Jornalismo musical: o que é uma boa entrevista?



Uma entrevista é um flerte constante. É a troca cuja condução depende de sua atuação, de como colocará as questões e da leitura que fará das reações que obtém. Deve considerar os instantes oportunos para tudo: interromper, opinar, emendar uma piada ou brincadeira qualquer, reclamar, elogiar, explorar o silêncio ou falar de si próprio (afinal, quem está ali para isso é o entrevistado). As rédeas estão em suas mãos! 

Pode até não ser a primeira vez que você conversa com determinado músico, mas o motivo que os conecta é norteado pelo clima que os rodeia. Então, independentemente da maneira como o trabalho será realizado, sua atenção e frieza têm de estar afiadas. E o passo primordial rumo a esse sucesso são as duas ou três perguntas iniciais. Elas normalmente colocam o encontro nos trilhos.
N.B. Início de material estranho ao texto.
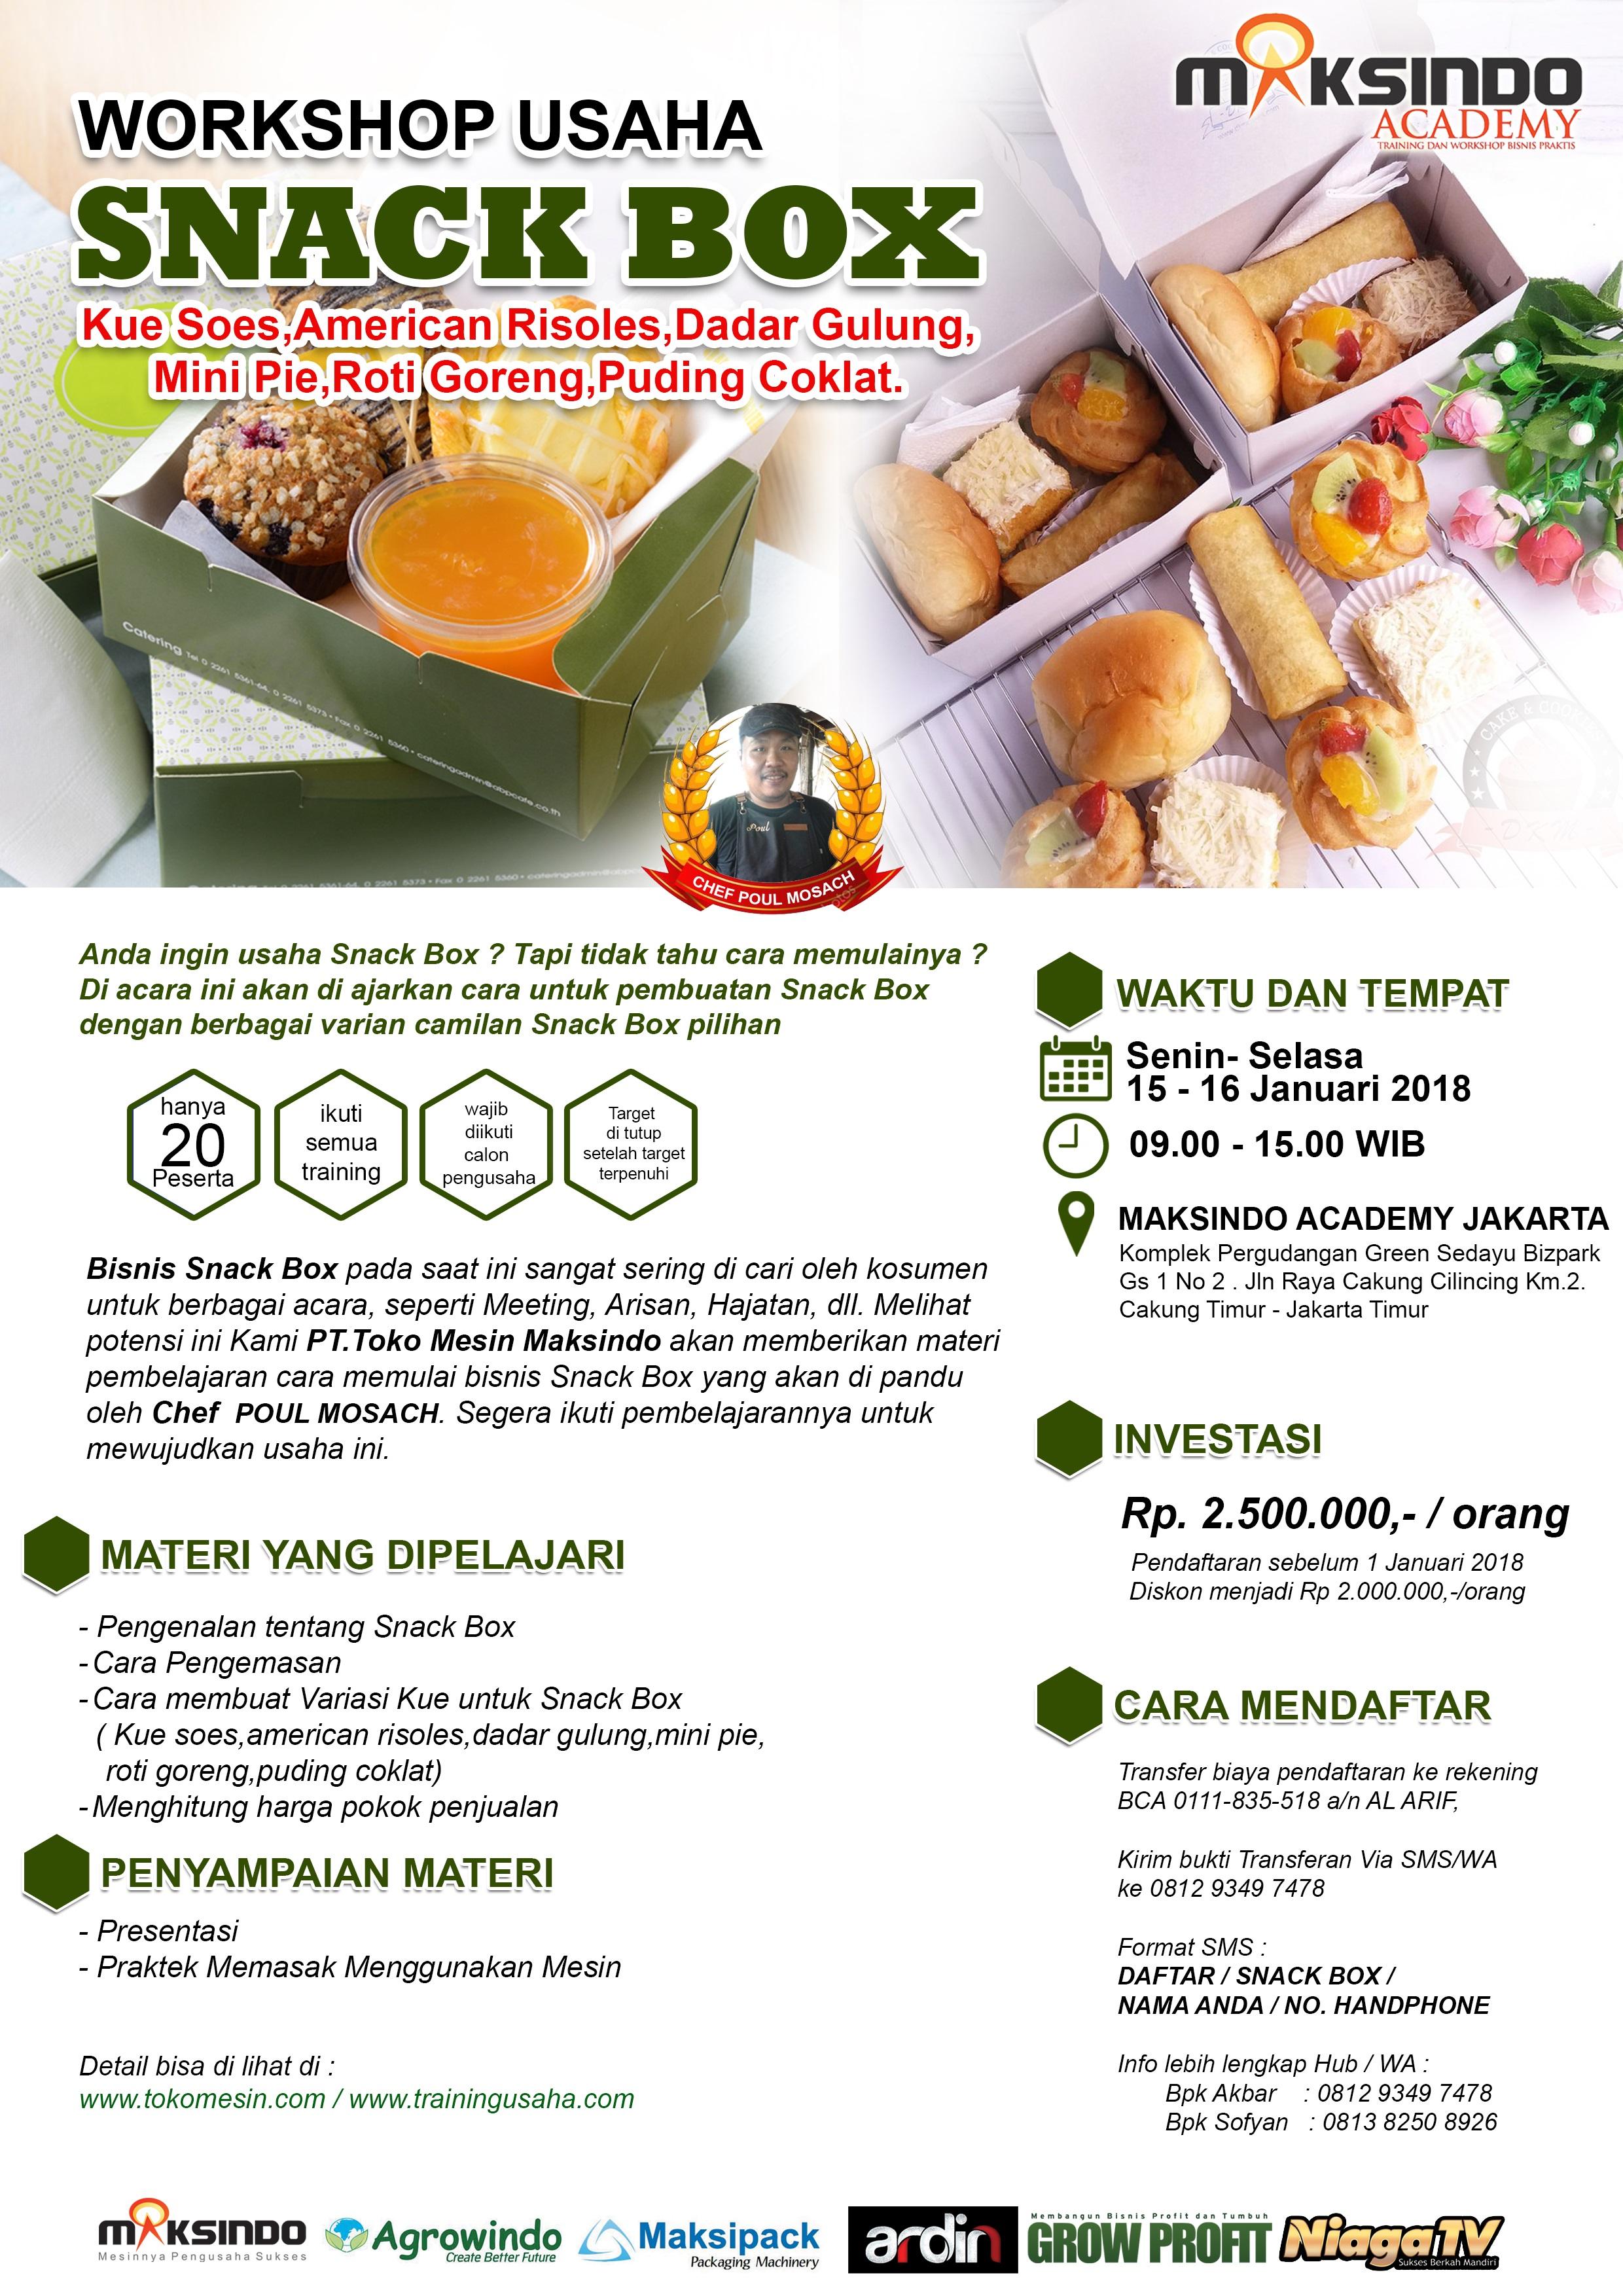 Workshop Usaha Snack Box, 15 – 16 Januari 2017

Portanto, dê seu melhor e conquiste a personagem de sua pauta logo de cara. 

O que o leitor encontrará nas páginas da revista, do jornal ou na internet resulta de um conjunto de etapas. Reflete como pesquisou e abordou seu mote e também o desenrolar do diálogo que teve. Após reunir as respostas, chega o momento de avaliar. Nem sempre o que conseguimos rende de acordo com nossas expectativas. De repente, o esquema pingue-pongue (pergunta/resposta) inicialmente imaginado precisar virar uma matéria. 

E mais: dependendo da linha editorial do veículo, pega mal manter palavrões, afirmações mais ofensivas, determinadas interjeições. Pode haver quem se sinta lesado e arrume problemas complexos, como um processo judicial. É preciso ponderar tudo. Lembre-se de que carrega ética no sangue e responsabilidade nas costas! 

No caso dos excessos, analisar com isenção permite filtrar trechos sem relevância. Não importa se conversou com um fulano qualquer ou com o Bono Vox, o Chitãozinho, o Caetano Veloso ou o Paul McCartney. Sempre haverá a necessidade de se realizar o que chamo de lipoaspiração textual. Atue para cativar o leitor (sem atropelar a regra essencial de jamais desvirtuar sentidos dos depoimentos). 

O jornalismo musical permite uma abordagem mais coloquial – permite e pede –, desde que valha a pena. Descontrair o texto reduz a distância entre publicação e leitor. Como? Dá para se aplicar isso nas perguntas, na maneira de conduzir a conversa, no texto de abertura da entrevista ou na redação da matéria. Enfim, com sabedoria e criatividade, o material tem tudo para ficar atraente, suculento – convenhamos: uma matéria sem graça, burocrática e fria é algo extremamente brochante de se ler. 

Particularmente, gosto de manter detalhes que compõem a imagem fiel do entrevistado, por exemplo, gírias e palavrões (desde que não rompam com o limite do respeito e do bom senso) ou contar algo de inusitado que ocorreu durante a experiência. Esse recurso humaniza o texto. 

A ideia é aproveitar a liberdade que lhe é dada sem economia, até porque provavelmente o editor limará muito do que usou. Então, quanto mais usufruir do espaço criativo que tem, maiores são as chances de preservar sua pegada no resultado final. 

Até hoje lamento uma amputação textual aplicada à introdução da entrevista que fiz com o Chris Squire, finado baixista do Yes. Quis registrar uma curiosidade do papo, ocorrido por telefone, mas meu editor não viu da mesma forma e descartou o trecho. Ainda que o espírito geral tenha permanecido descontraído na publicação (revista Bass Player de maio de 2013), para mim, o corte tirou um pouco do brilho. 

A tal passagem descrevia o início de minha conversa com o baixista. Sua assessoria me deu 15 minutos, a partir das 15h. Disquei uma, duas... quatro vezes, e nada de ele atender (e meu horário ia se passando...). Quando ouvi a voz do Squire do outro lado da linha, mal deu para fazer a primeira pergunta. Gentilmente, ele me interrompeu: “Espere só um minuto...”. De repente, surgiram o som de algo funcionando, tossidas e mais barulho. 

Após 5 minutos, o músico inglês volta a dar um alô: “Desculpe-me! Estava secando o cabelo...”. Aliviei, dizendo que tudo bem, crente de que compensaríamos sua interrupção. Pura ilusão, nada feito! Mas tudo bem, a entrevista desenrolou-se como eu gostaria e dentro do que me faltava de tempo. Meu flerte com um Chris Squire despreocupado e de cabelos secos e penteados funcionou.